Neste contexto, recentemente, a colunista Jules Freitag publicou uma sequência de stories sobre o seu novo olhar sobre o pontificado do Papa Francisco após anos de catolicismo tradicional, que chamou de verdadeiro "purgatório".
Jules, na sequência, faz uma sequência de comentários contra "os influencers":
Pois bem, o primeiro ponto que se deve observar é esse novo olhar sobre o pontificado do Papa Francisco. Não há problema em gostar do pontificado ou de algum aspecto dele, mas ele deve ser amado pelos motivos certos. Em regra, essas moças não amam o Papa Francisco pela ortodoxia ou por respeito ao clero ou algo parecido, mas pelo quanto o Papa não parece tradicional.
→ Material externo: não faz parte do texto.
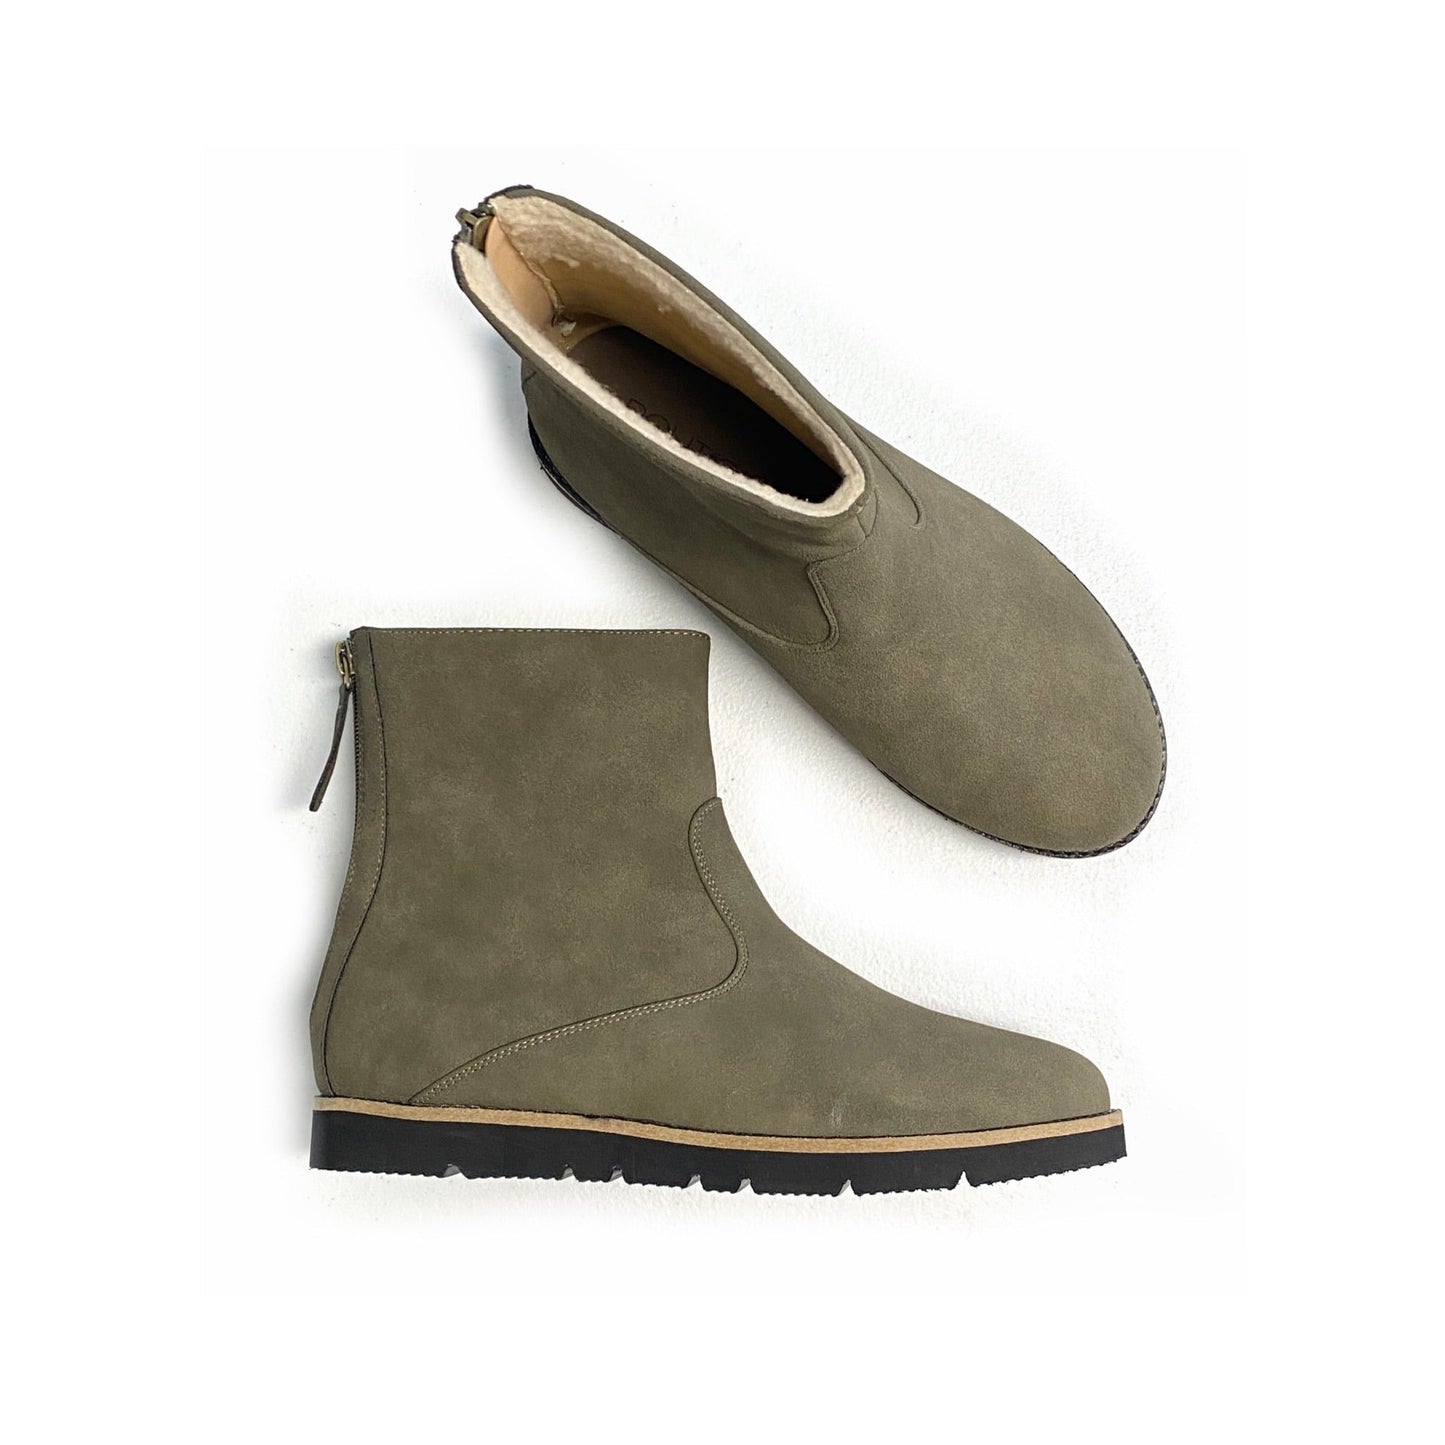 The Tobin Olive Booties

Ou seja, os critérios adotados não são objetivos, mas regem-se segundo a ideia de que "o inimigo do meu inimigo é meu amigo" ou ainda "pelo quão laxista eu acho que ele é".
O segundo ponto é que Jules aplica automaticamente as críticas aos "influencers" ao mundo tradicional quando, na verdade, são pouquíssimos os influencers que se consideram tradicionalistas. Via de regra, tradicionalistas não ligam para o Instagram. A maioria dos influenciadores católicos flutua numa amálgaga de marsilistas, olavetes, carismáticos, opusdeístas e cnbbistas. Jules vê "radtrad" onde não tem, porque o ódio ao tradicionalismo já se tornou nela algo profundamente passional. Por isso enxerga "assombrações" de tradicionalismo em todo lugar.
O terceiro ponto é que, embora Jules fale que devemos anunciar a sabedoria da Igreja e respeitar o clero, ela mesma (i) faz deboche das devoções da Igreja, (ii) critica duramente sacertotes e (iii) não acata a sabedoria da Igreja em diversos temas.
Para ilustrar o ponto anterior, rememoremos que Jules, em outubro deste ano, fez uma sequência de stories atacando um "padre tradicionalista" que lhe pediu que retirasse um quadro no qual ela vestia uma camisa da banda Iron Maiden. Jules não foi polida nas palavras ao criticar o sacerdote:
"Na década de 50, a Europa era amplamente cristã; as pessoas iam muito à igreja e, geralmente, acreditavam em coisas como o mal absoluto e na existência de um bem absoluto. Mas, ninguém conhecia alguém que fosse absolutamente bom. E, com certeza o mal absoluto existia em algum lugar, porque senão como alguém poderia ser absolutamente bom? [...] O que as bandas de heavy metal fizeram ao adotar imagens satânicas foi chocar as pessoas."
Note-se como a finalidade artística de Iron Maiden era afrontar a fé cristã e causar o escândalo, o que é pecado gravíssimo como veremos a seguir.
Já Motörhead é uma banda britânica fundada em 1975 e que segue o mesmo padrão afrontoso de Iron Maiden.
Os problemas já começam pelo nome da banda. Motörhead é numa gíria britânica se referir aos viciados em anfetamina. O vocalista da banda Lemmy Kilmister escolheu esse nome porque era viciado na droga. Ou seja, o nome da banda é uma homenagem ao vício nas drogas.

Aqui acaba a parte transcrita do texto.